05 Markov Decision Processes (MDPs)

Slides

This module is also available in the following versions

Introduction to Markov Decision Processes (MDPs)

Markov decision processes formally describe an environment for reinforcement learning

Where the environment is fully observable -i.e. The current state completely characterises the process

Almost all RL problems can be formalised as MDPs, e.g.

  • Optimal control primarily deals with continuous MDPs
  • Partially observable problems can be converted into MDPs
  • Bandits (from machine learning) are MDPs with just one state

Markov Decision Process

A Markov decision process (MDP) is a Markov reward process with decisions.

  • It is an environment in which all states are Markov.

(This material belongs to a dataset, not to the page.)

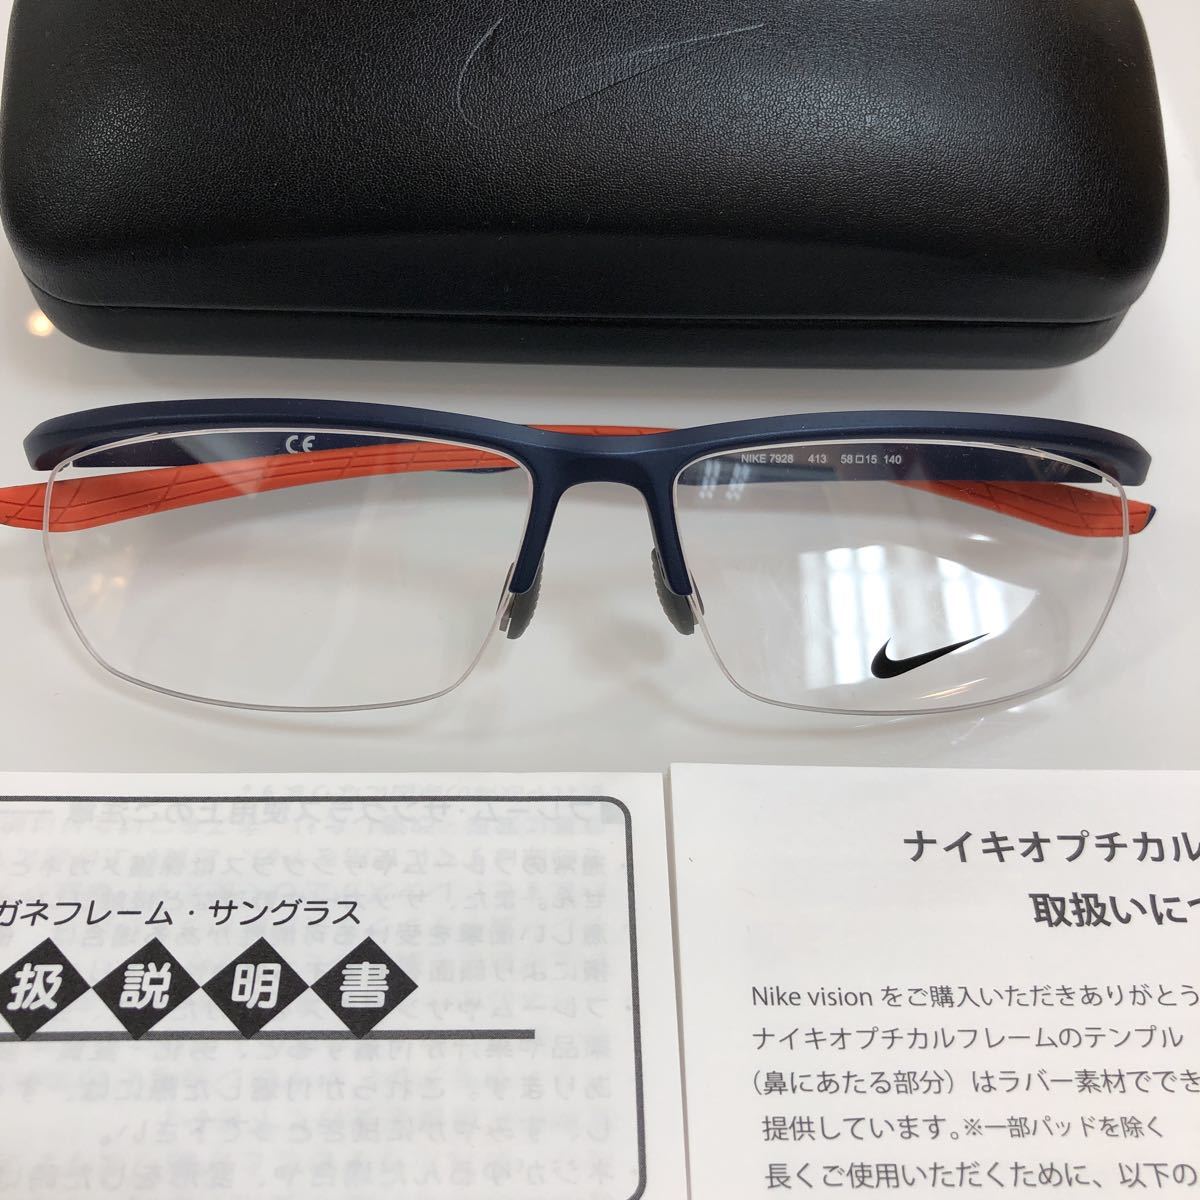 定価16,500円 正規品 7928 NIKE7928 NK7928 413 NIKE VISION VORTEX ナイキ ボルテックス メガネ フレーム メガネフレーム 正規品 眼鏡
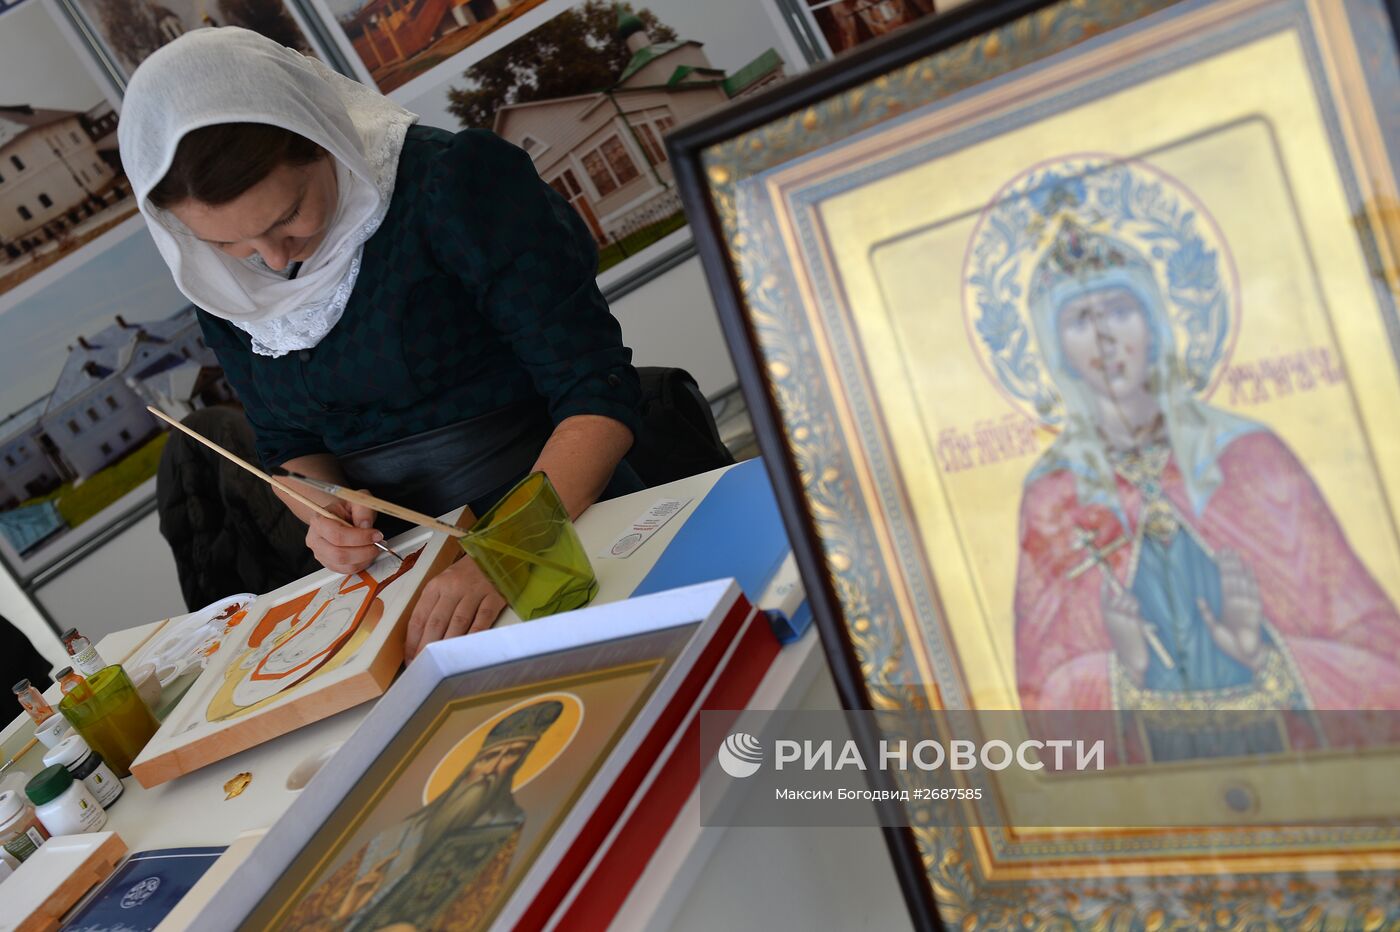 Этноконфессиональный фестиваль "Мозаика культур" в Казани

  • We introduced agency in terms of actions.


Definition

A Markov Decision Process is a tuple \(<\mathcal{S}, \mathcal{\textcolor{red}{A}}, \mathcal{P}, \mathcal{R}, \gamma>\)

  • \(\mathcal{S}\) is a finite set of states

  • \(\mathcal{\color{red}{A}}\) is a finite set of actions

  • \(\mathcal{P}\) is a state transition probability matrix, \(P^{\textcolor{red}{a}}_{ss'} = \mathbb{P} [S_{t+1} = s'\ | S_t = s, A_t = \textcolor{red}{a}]\)

  • \(\mathcal{R}\) is a reward function, \(\mathcal{R}^{\textcolor{red}{a}}_s = \mathbb{E}[R_{t+1}\ |\ S_t = s, A_t = {\textcolor{red}{a}}]\)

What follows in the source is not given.